Count Dmitry Alekseyevich Milyutin (, tr. ; 28 June 1816, Moscow – 25 January 1912, Simeiz near Yalta) was Minister of War (1861–81) and the last Field Marshal of Imperial Russia (1898). He played a major role in the Circassian genocide. He was responsible for sweeping military reforms that changed the face of the Russian army in the 1860s and 1870s.

Early career 

Milyutin graduated from the Moscow University School in 1833 and Nicholas Military Academy in 1836. Unlike his brother Nikolai Milyutin, who chose to pursue a career in civil administration, Dmitry volunteered to take part in the Caucasian War (1839–45). After sustaining a grave wound, he returned to the military academy to deliver lectures as a professor. 

In the following years, Milyutin earned a considerable reputation as a brilliant scholar. He emphasized the scientific value of military statistics and authored the first comprehensive study of the subject, which earned him the Demidov Prize for 1847. Milyutin regarded Suvorov as a model for military commanders and the Italian campaign of 1799 as the pinnacle of his career, elaborating these views in a detailed account of the campaign, published in five volumes in 1852 and 1853.

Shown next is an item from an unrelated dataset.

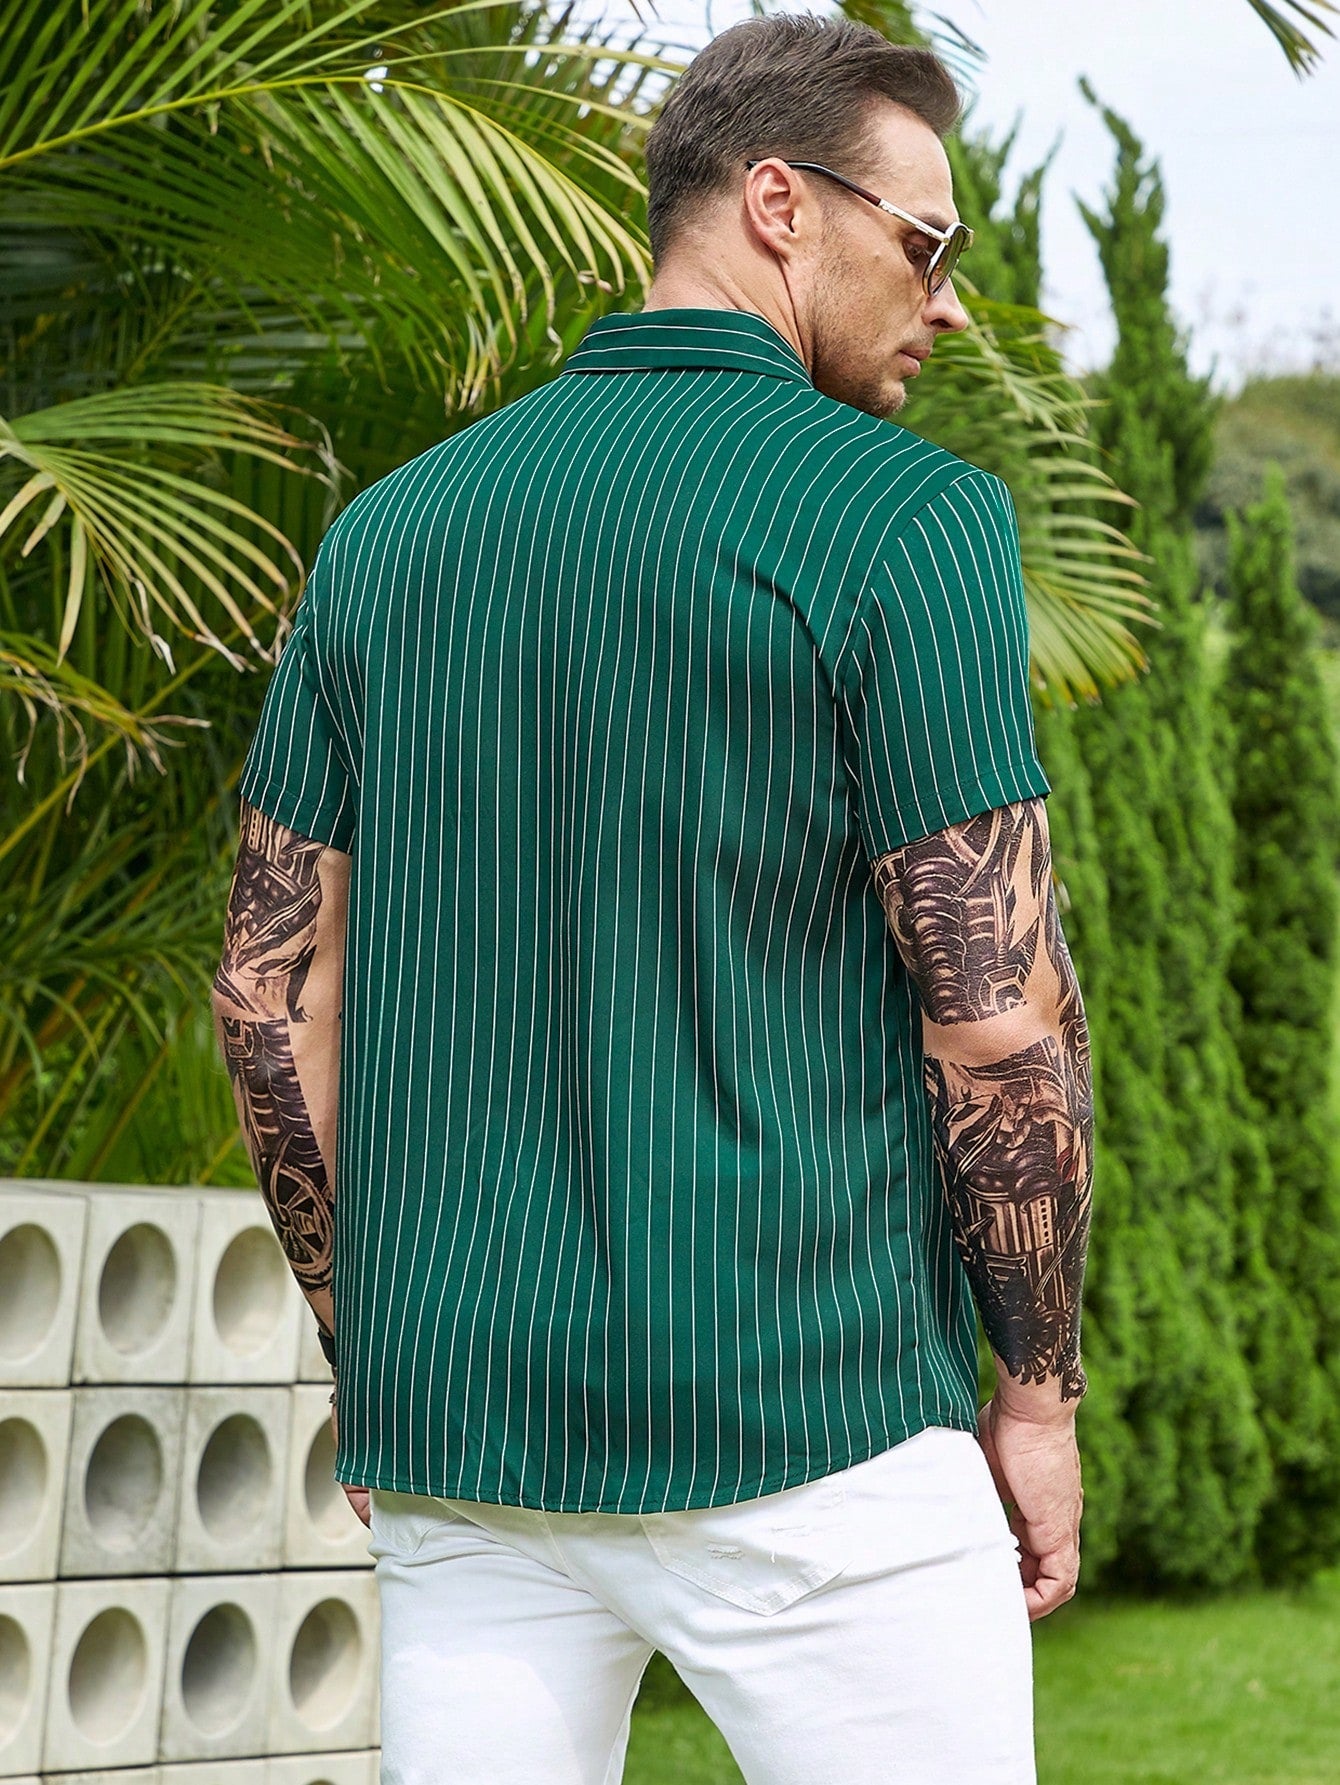 Manfinity Homme Men Striped Print Shirt - NextthinkShopsm2304084740473783

Capitalizing on his knowledge, Milyutin analyzed the causes of Russia's defeat in the Crimean War and framed some radical proposals for military reforms. His ideas were approved by Alexander II, who appointed Milyutin to the post of Minister of War in 1861. Several years earlier, Milyutin had taken part in the capture of Shamil, thus helping bring the prolonged Caucasian War to an end.

Minister of War 
Milyutin was Minister of War from 16 May 1861 to 21 May 1881. The military reforms carried on during Milyutin's long tenure resulted in the levy system being introduced to Russia and military districts being created across the country. Military service was declared compulsory to all males aged 21 for 6 years instead of the previous 25 years. This applied to all males including nobles. The system of military education was also reformed, and elementary education was made available to all the draftees. Milyutin's reforms are regarded as a milestone in the history of Russia: they dispensed with the military recruitment and professional army introduced by Peter the Great and created the Russian army such as it continued into the 21st century until Anatoliy Serdyukov announced military reforms to end in 2020. (See: 2008 Russian military reform)
Up to Dmitry Milyutin's reforms in 1874 Russian Army had no constant barracks and was billeted in dugouts and shacks.
The success of his reforms was demonstrated during the Russo-Turkish War (1877-1878). Milyutin's subtle leadership made itself felt during the peak of the conflict when the Russians failed three times in a row to take Pleven and many experts advised them to retreat. Milyutin promptly ordered the siege to be continued in a more orderly manner which brought the war to a victorious end. At the close of the war, Milyutin set up a commission in order to investigate faulty supply of provisions and other problems that had surfaced during the siege. In recognition of his services, he was made a count and received all the Russian orders, including the Order of Saint Andrew.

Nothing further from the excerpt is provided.